We also now have our libGL thunk implicitly load libX11. Due to how FEX's thunks work, we don't pull in all of the library dependencies of a "real"
library like libGL. Long term FEX-Emu will likely want to link to the same libraries that the real x86-64 library would have linked to. For now, libGL
now relies on libX11 directly. This fixes an issue where libGL thunks wouldn't work at all for any game launched from Steam.
Then the big pull request that does an absolute wackload of infrastructure work to make things work, Implement signature-based thunking of function pointers.
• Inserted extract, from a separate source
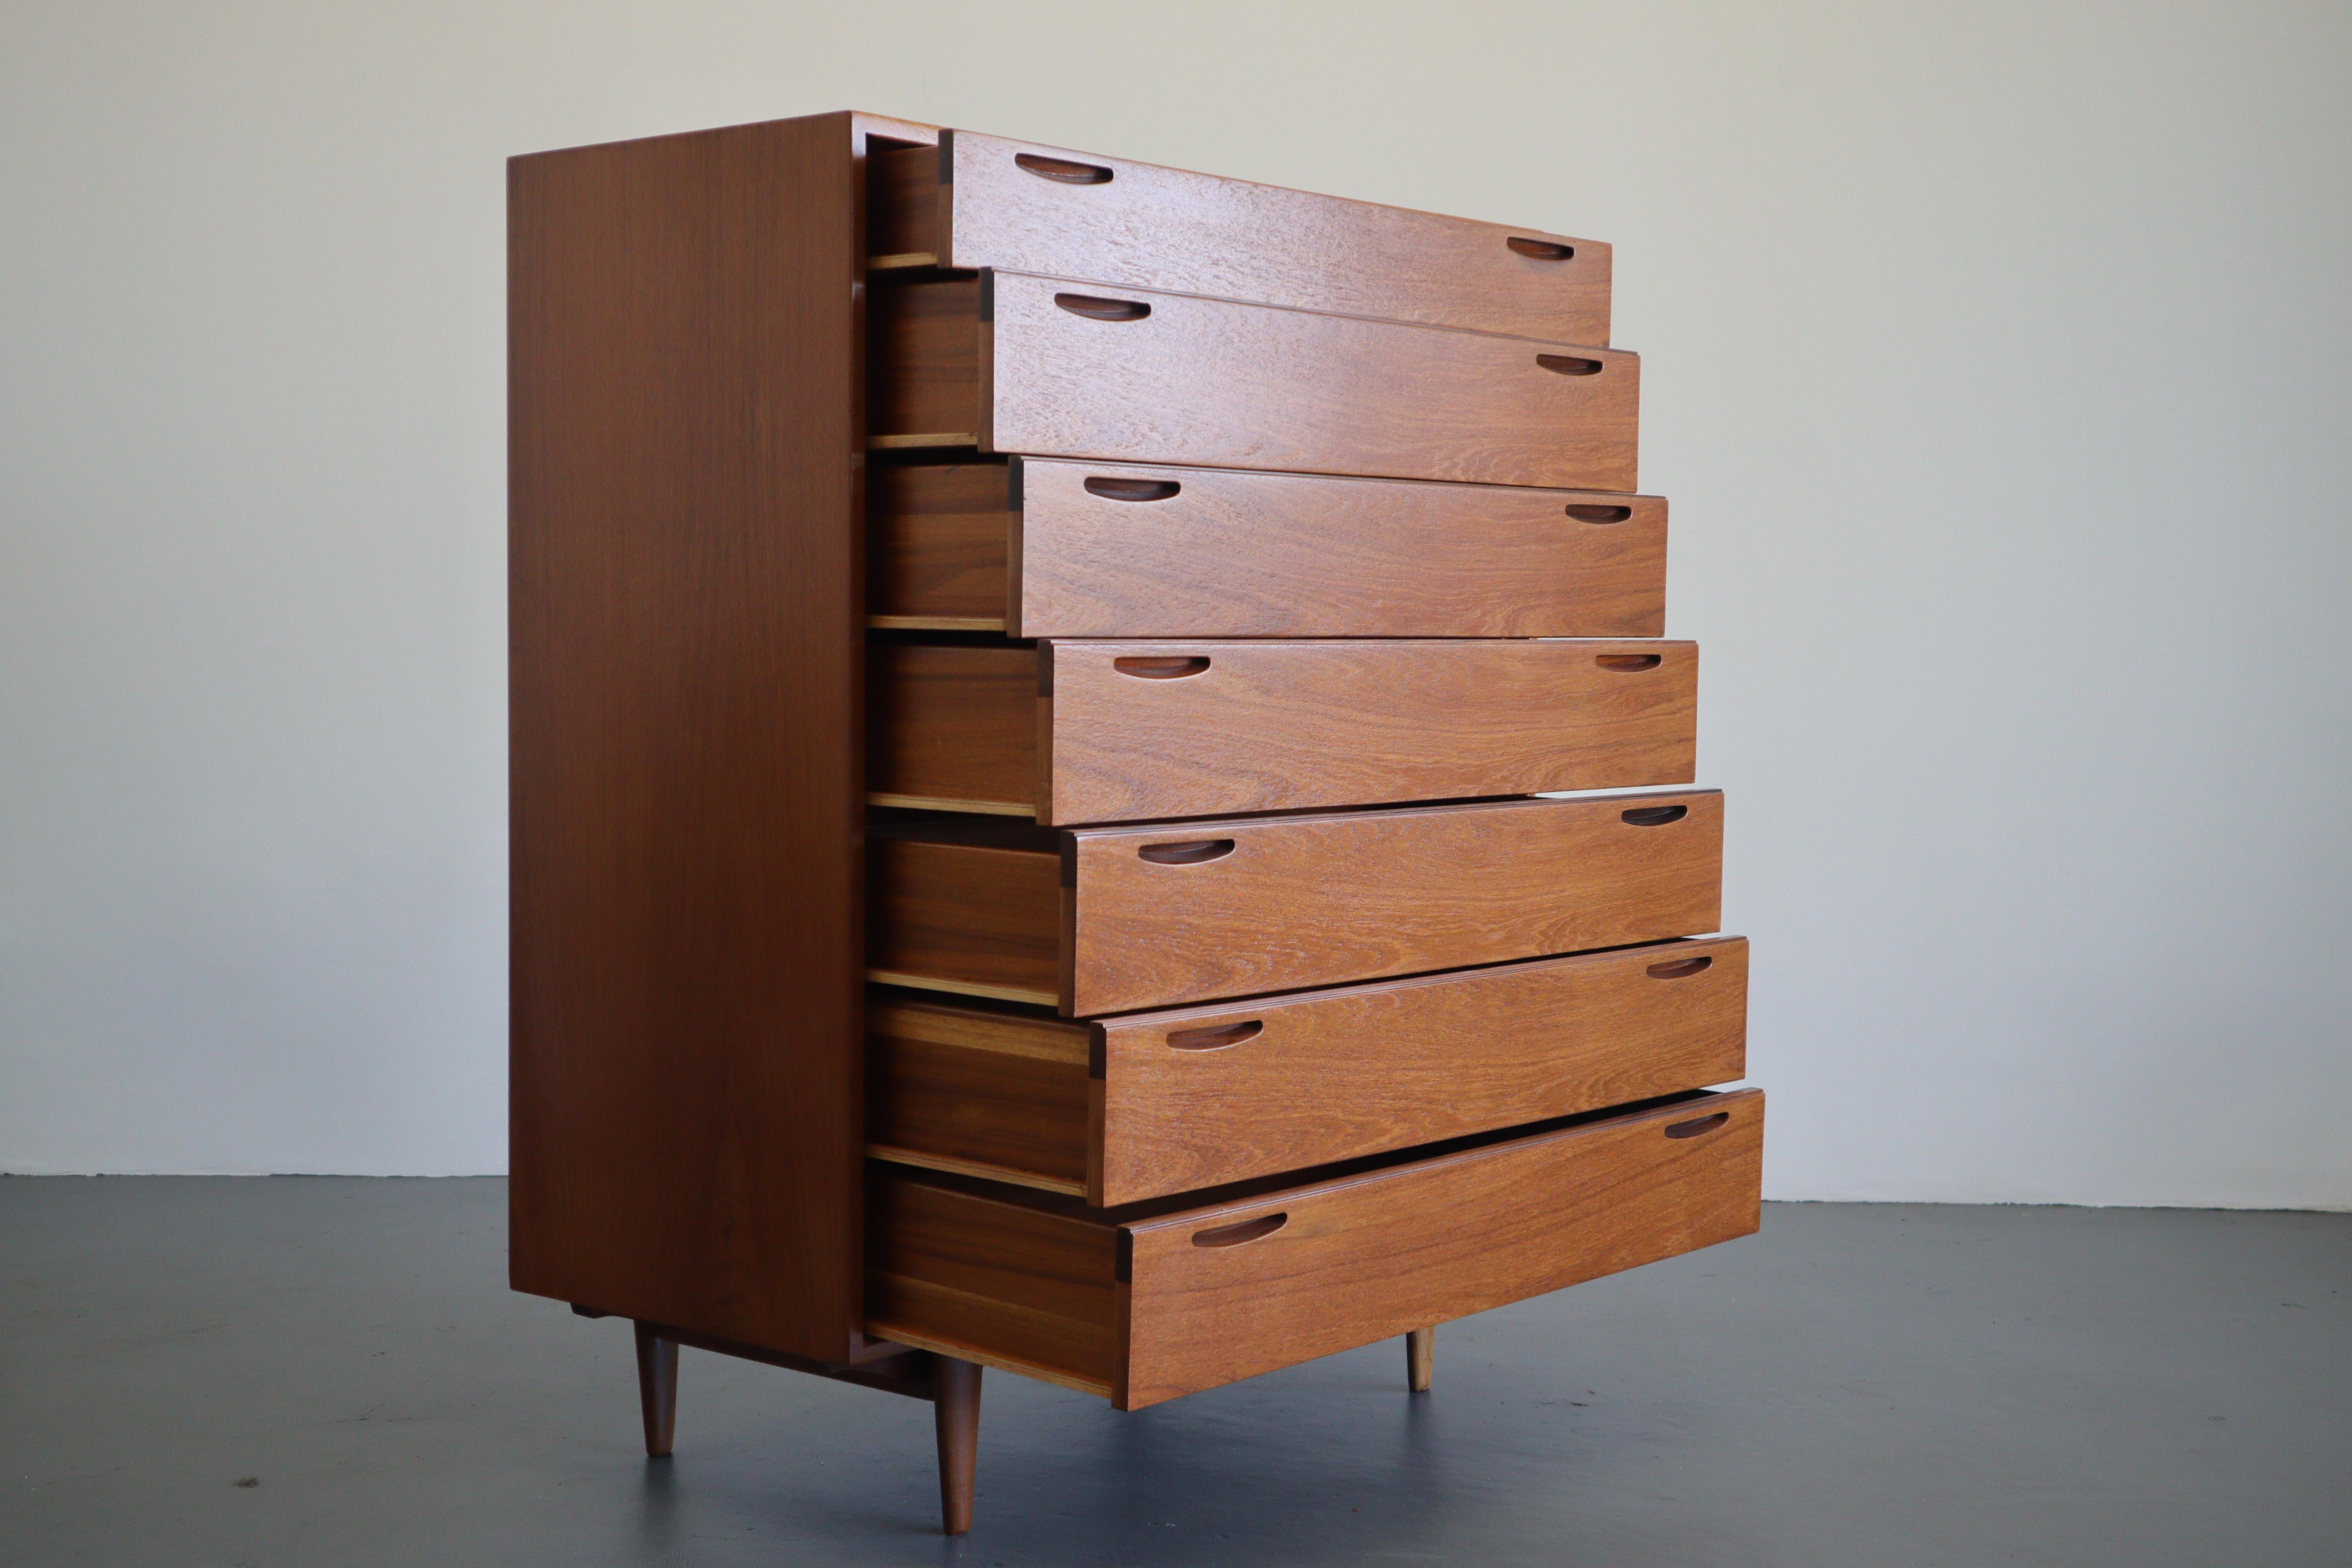 An exceptional Danish modern 7 drawer highboy by Kofod Larsen for Brande Mobelfabrik. Beautiful grain throughout front and back with no notable damage. This piece offers plenty of storage with sleek minimalist pulls The piece sits atop afrormosia

This pull request is a bit complex to explain but it allows function pointers to be marshalled
across the thunk architecture boundary safely. Allowing both x86-64 and AArch64 to call in to the other for code for whatever reason is necessary. I
would recommend reading the pull request itself because the information is quite dense there.
Then some very minor changes the fixes some edge case behaviour.
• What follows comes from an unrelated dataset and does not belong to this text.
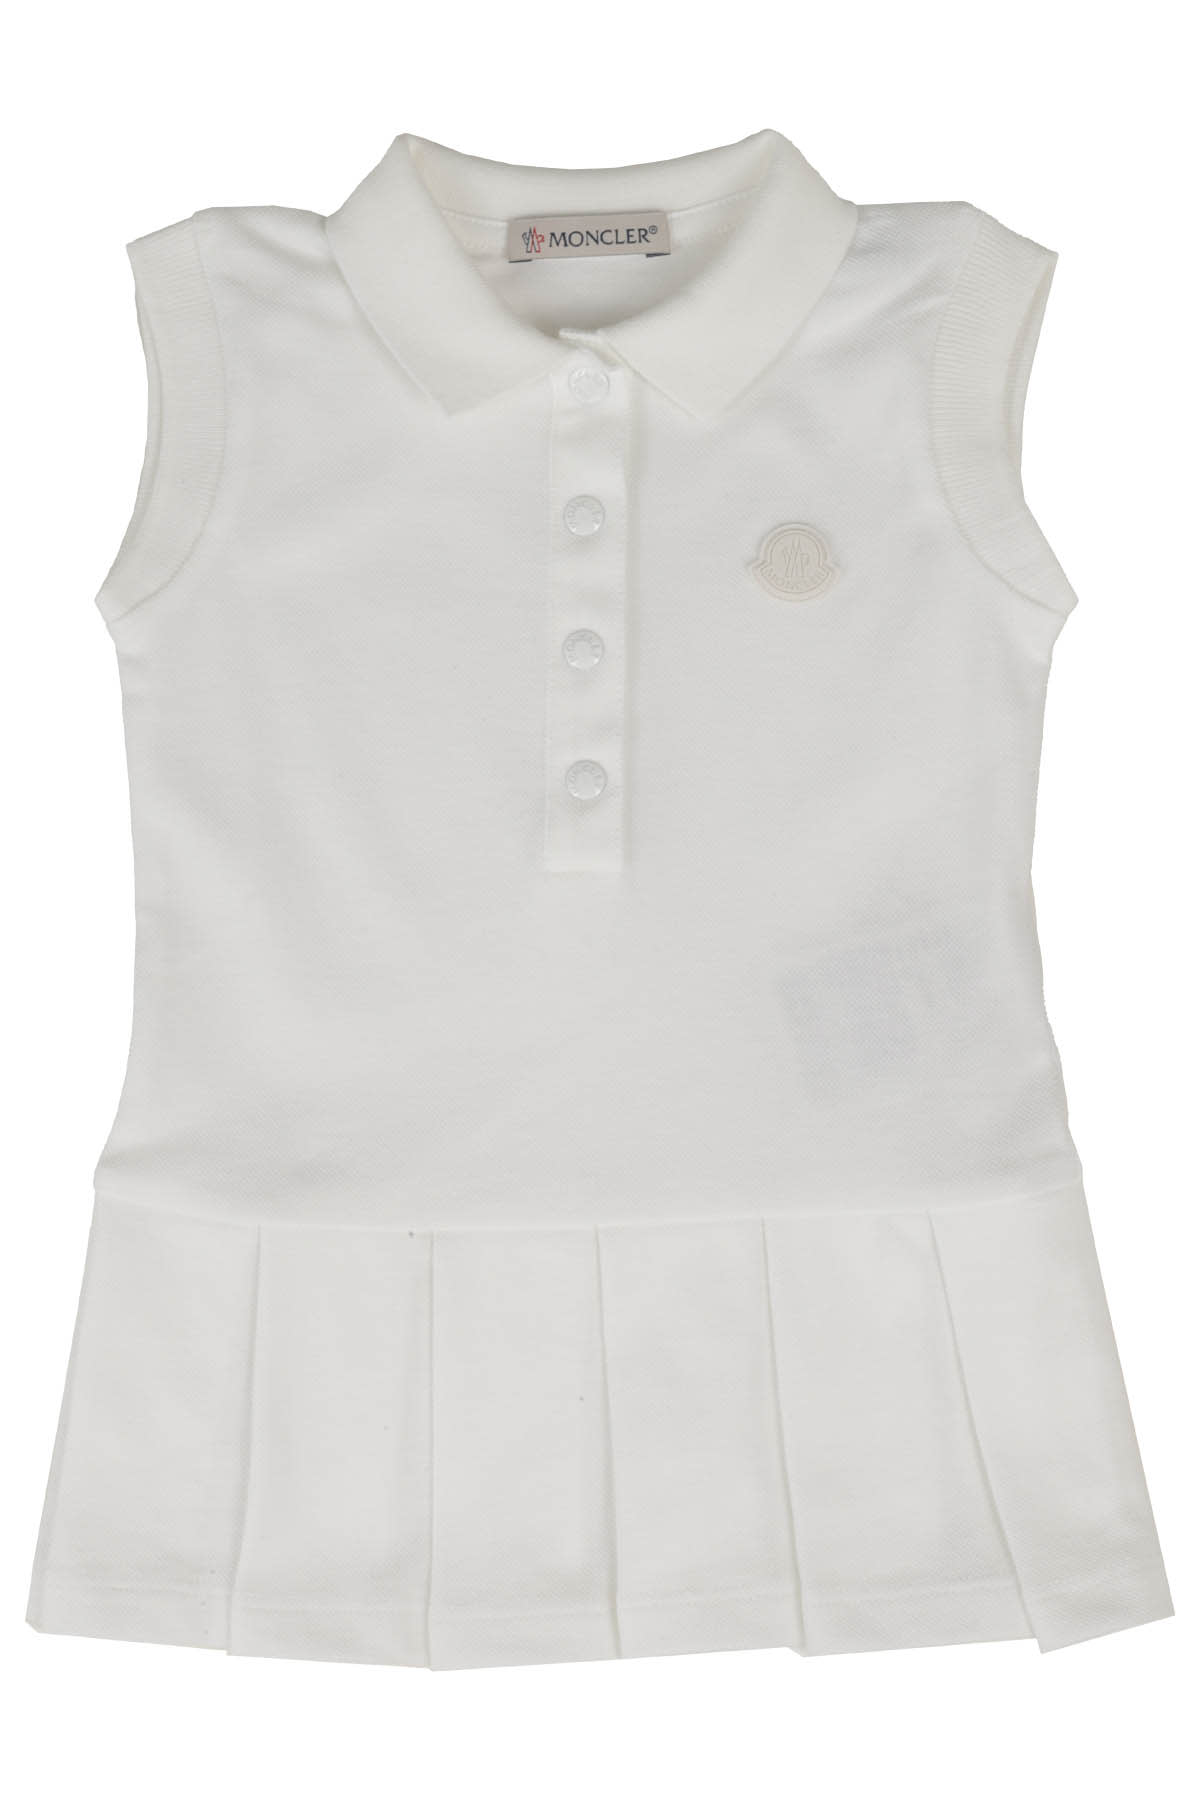 Moncler Babies' Dress In Off White

- Make glXGetProcAddr of unknown address non-fatal
- Make glXGetProcAddr querying itself work
- Add some missing glX and GL functions that were missing.
- Nearly everything supported now, just some minor things missing
The take away for this effort is that OpenGL thunking is now significantly more stable. We don't have a lot of games tested yet, but follow along at
our wiki for documenting which games support thunks under FEX-Emu.
When OpenGL or Vulkan thunks are enabled, games are dramatically sped up. It is the recommended way to play a game but we need more testing coverage
to ensure it is stable enough to use.
Fix edge-case instruction faulting behaviour
x86 has six instructions that explicitly fault in different ways. We weren't handling RIP setting correctly on some of these.
This was uncovered by running Elden Ring inside of FEX. With this bug fixed FEX-Emu can now run the game if Denuvo is disabled by renaming the
executables. Sadly it doesn't seem like Snapdragon can run this game yet.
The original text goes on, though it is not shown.